- Born: November 10, 1954 Elkhart, Indiana
- Died: September 3, 2001 (aged 46) Cass County, Michigan
- Cause of death: Shooting
- Known for: marijuana rights activist

= Tom Crosslin =

American activist

Tom Crosslin (November 10, 1954 – September 3, 2001) was a marijuana rights activist who was shot and killed on his "Rainbow Farm" by an FBI agent.

== Personal life ==
Crosslin was born in Elkhart, Indiana. Growing up he became very interested in hippy culture along with libertarian ideologies. In the early 1980s, Crosslin moved to Michigan. Crosslin was an out gay man, meeting his life partner, Rolland “Rollie” Rohm, in the early 1990s. Crosslin purchased Rainbow Farm in 1993.

== Rainbow Farm ==
Rainbow Farm was a campground run by Tom Crosslin and his life partner Rolland "Rollie" Rohm and home to two controversial festivals, HempAid on Memorial Day and Roach Roast on Labor Day. The owner of Rainbow Farm supported the "medical, spiritual, and responsible recreational uses of marijuana for a more sane and compassionate America". Rainbow Farm was the focus of an intensive investigation by Cass County prosecutor Scott Teter. The investigation eventually came to a head in early September 2001 with the burning down of all the structures on the property and the shooting deaths of both Tom Crosslin and Rolland Rohm.

== Timeline ==
- 1993: Tom Crosslin buys the property for Rainbow Farm in Vandalia, Michigan.
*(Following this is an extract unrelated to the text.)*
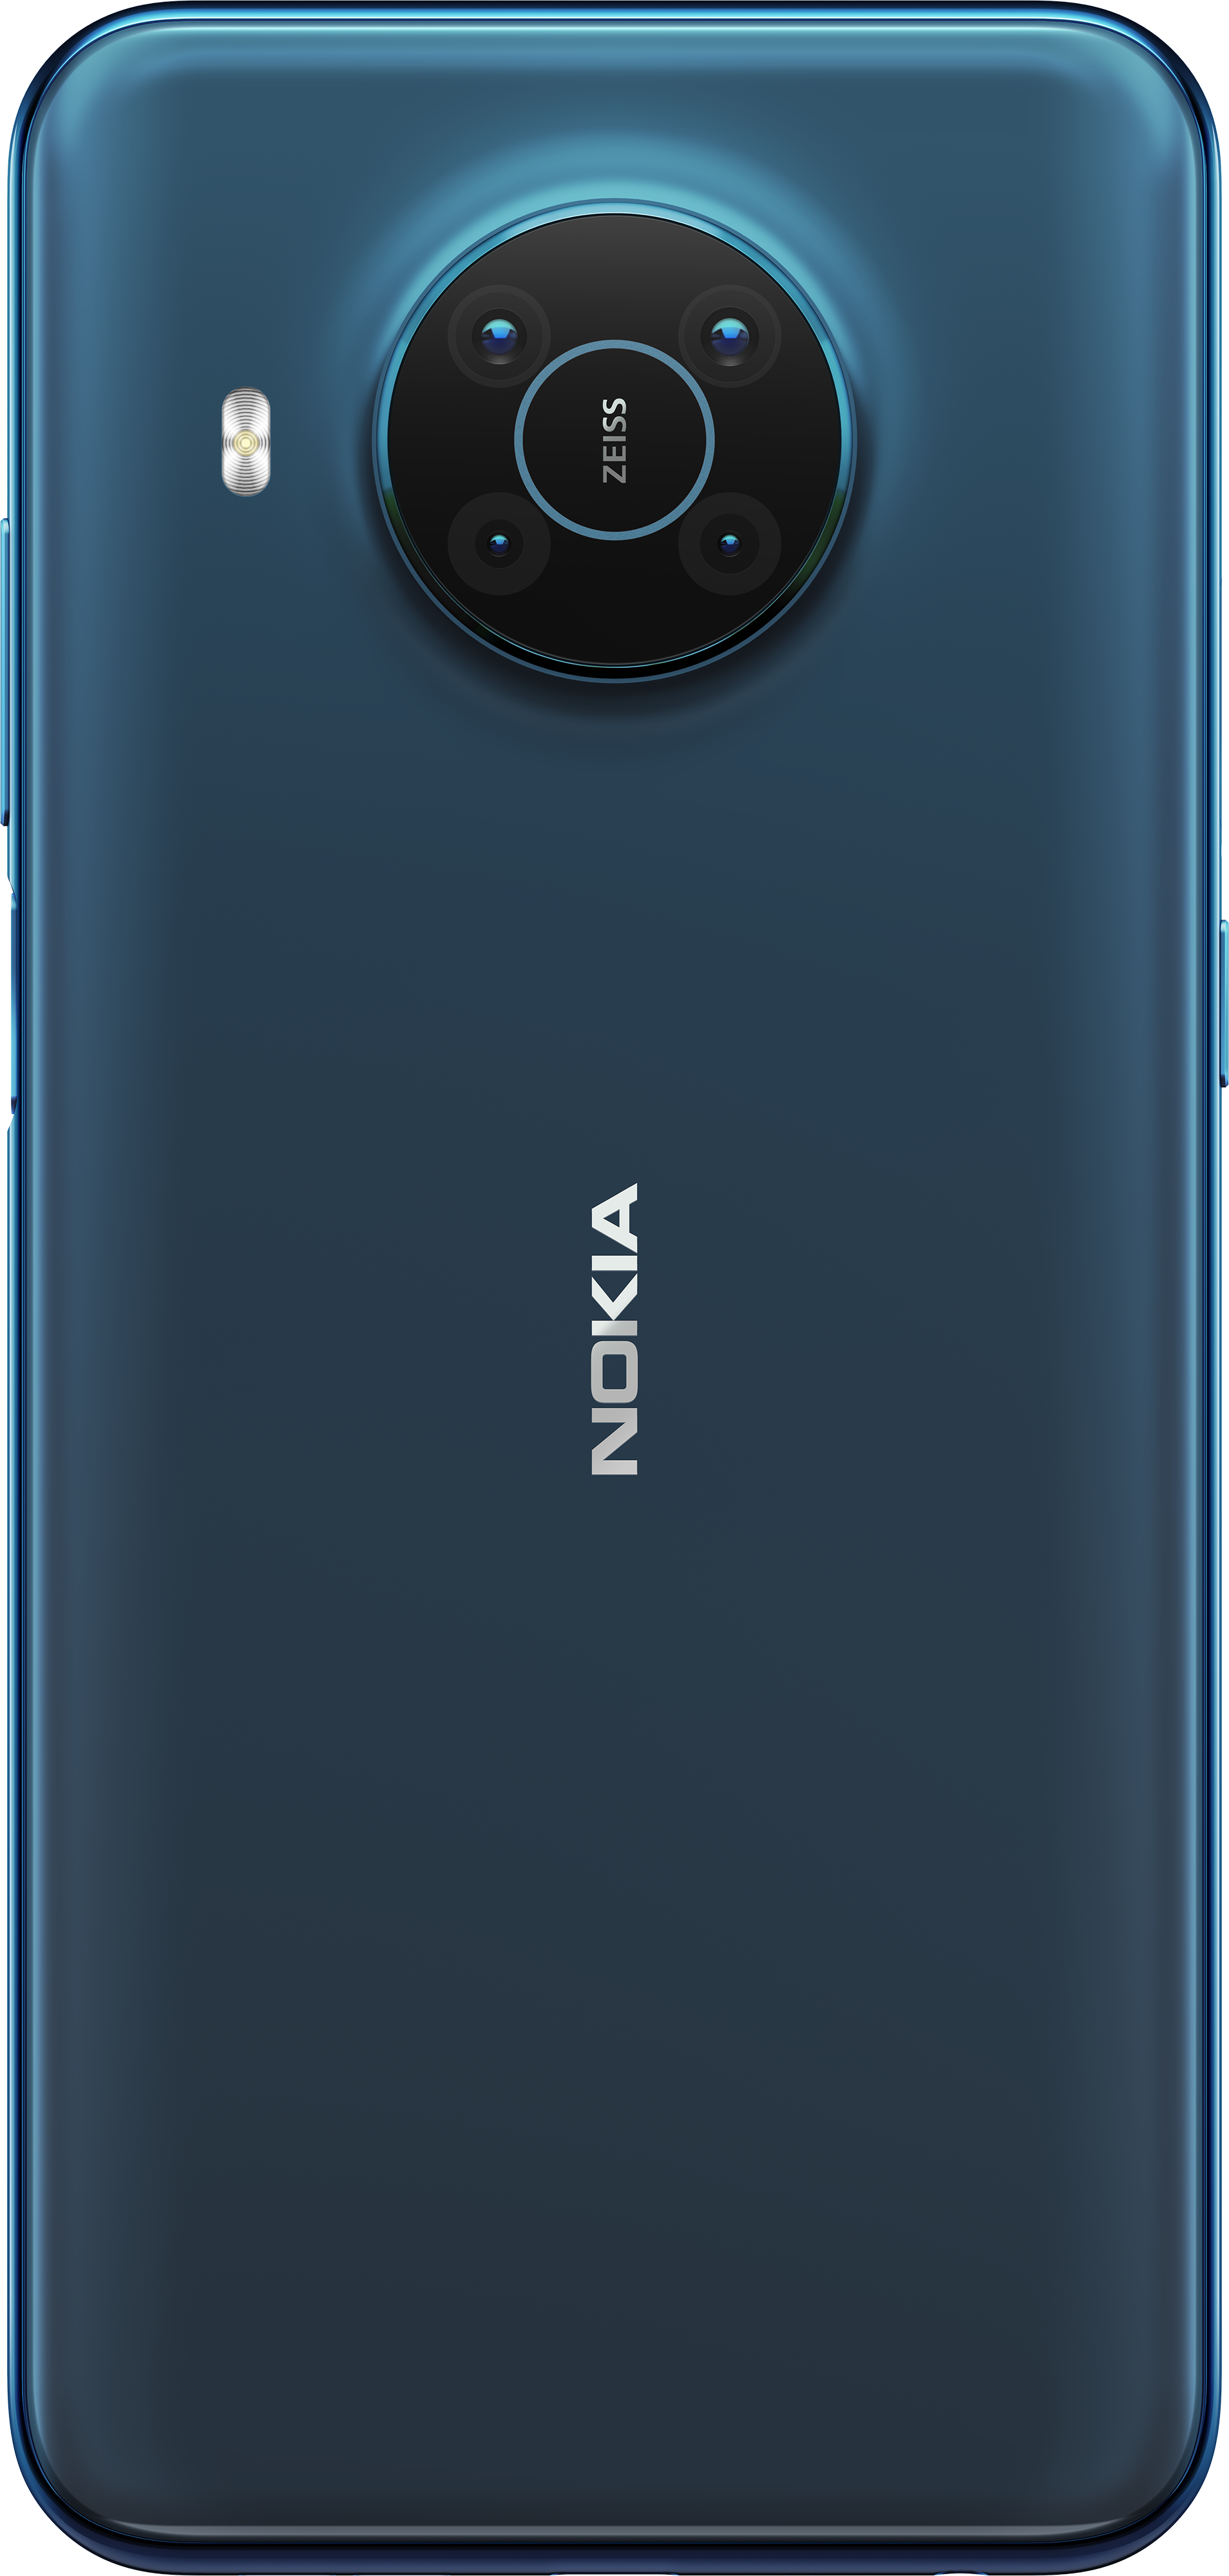 2021 nokia android Nokia T20

The farm begins holding annual "hemp festivals".
- 1996: Scott Teter is elected Cass County prosecutor.
- 1999–2000: Rainbow Farm campaigns for the Personal Responsibility Amendment, a failed measure that sought to legalize private use of marijuana.
- May 2001: Crosslin and his lover, Rolland Rohm, are arrested for growing marijuana in their house. Rohm's son, Robert, is placed in foster care.
- August 2001: Crosslin and Rohm skip their court date and begin systematically setting fire to Rainbow Farm.
- September 2001: Crosslin is killed by FBI sharpshooters on September 3; Rohm is shot the next morning.

== Popular culture ==
In 2025, a film Burning Rainbow Farm based on the story was made starring Sebastian Stan and Leo Woodall.